# Kritter keeper for mantids



## KevinsWither (Dec 11, 2016)

Is it possible to use kritter keepers for mantids? I have a few medium ones and a few small ones.


----------



## hibiscusmile (Dec 12, 2016)

Sure, u may need some screen glued inside depending on size of mantis, but no reason why u cant use them


----------



## mantisfan101 (Aug 11, 2017)

Personally I have zero success using critter keepers- it caused a chinese mantis male to become SEVERELY deformed during a molt(he didnt even successfully molt actually and got stuck because he tried molting on the floor because he couldnt climb) and disabled my ghost mantis female's ability to climb.


----------



## Digger (Aug 12, 2017)

Over the years, I've had very good luck with Krit Keepers.  However - as mantisfan101 mentioned above, it's imperative you put your mantis in larger cages as they molt.  It currently am raising Tenodera Sinensis.  As they outgrow each container, they are moved to a larger container (about 3x molted length high).  This can be an expensive proposition for some.  I have large and the very large sizes for L5 through adult molt.  Yes, one or two sides should be modified with screen/mesh for climbing to hang upside down off the top.

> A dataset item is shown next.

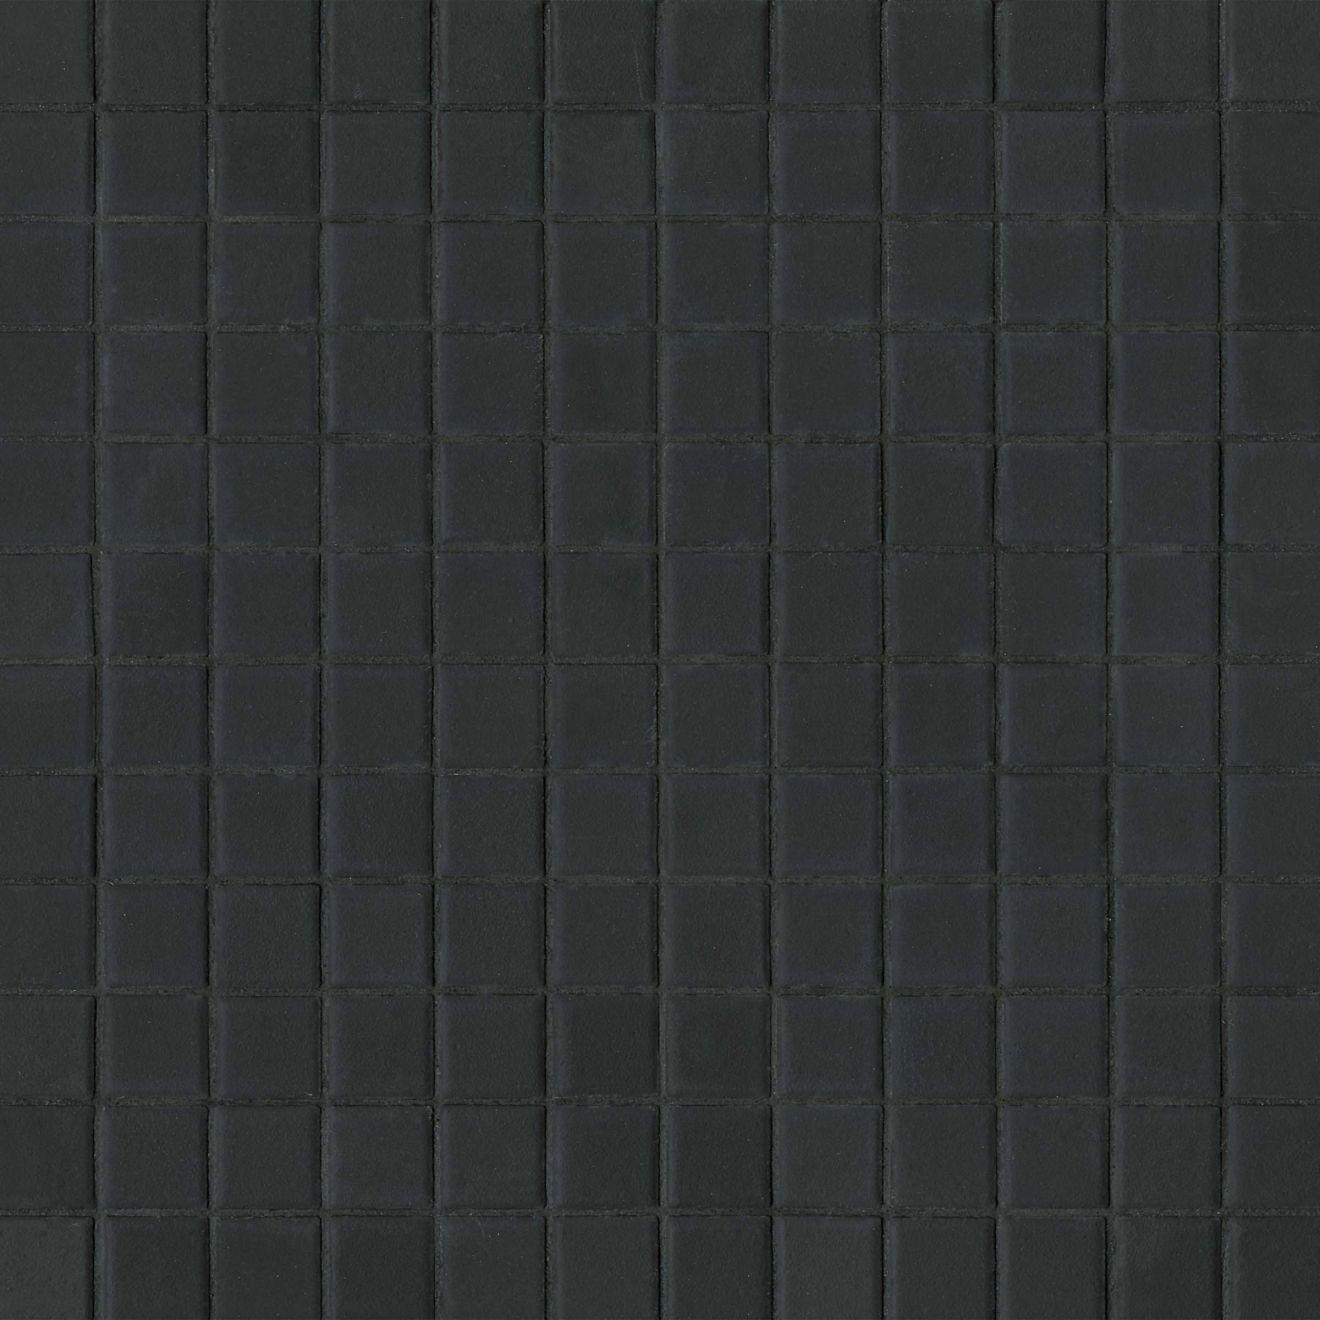 "True 1"" x 1"" Floor & Wall Mosaic in Black"
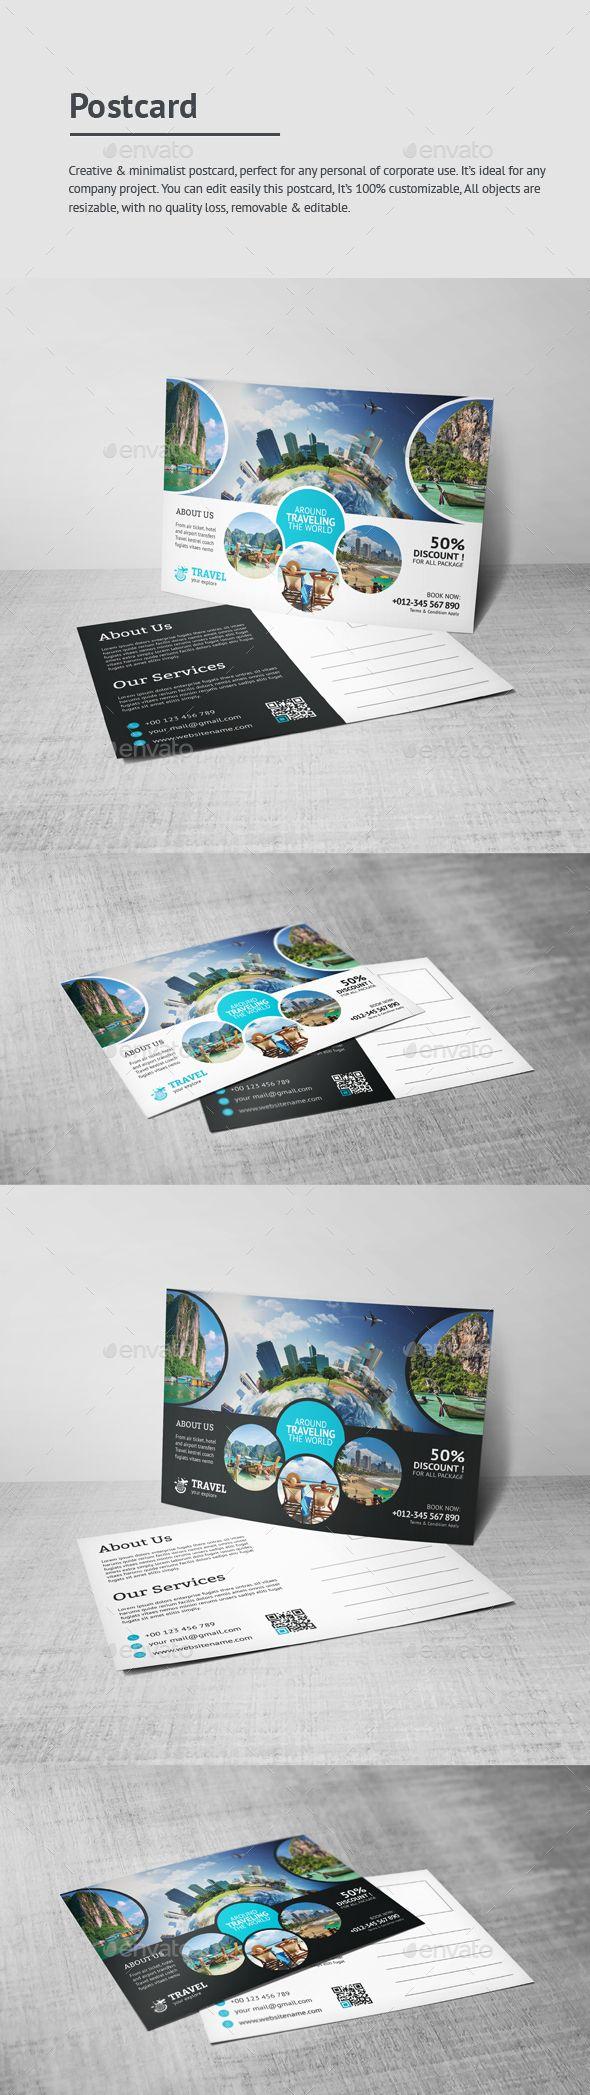 postcard template psd

Here is a current picture of Photon in her Kritter Keeper.  She molted very successfully hanging from the top.  The sticks were removed prior to her molt.


----------



## hymenopus (Aug 13, 2017)

Nice mantis


----------



## Serle (Aug 13, 2017)

I have had mismoults when they shed from the side of the K.K. especially  Tenoderas .  If they hang from the top seem they have ample room..  S


----------



## izbiggs (Aug 17, 2017)

I think it can work, especially for smaller species and at least one gripping surface other than just the lid of the cage. I've had budwings and even s lineola successfully molt to adult in them.


----------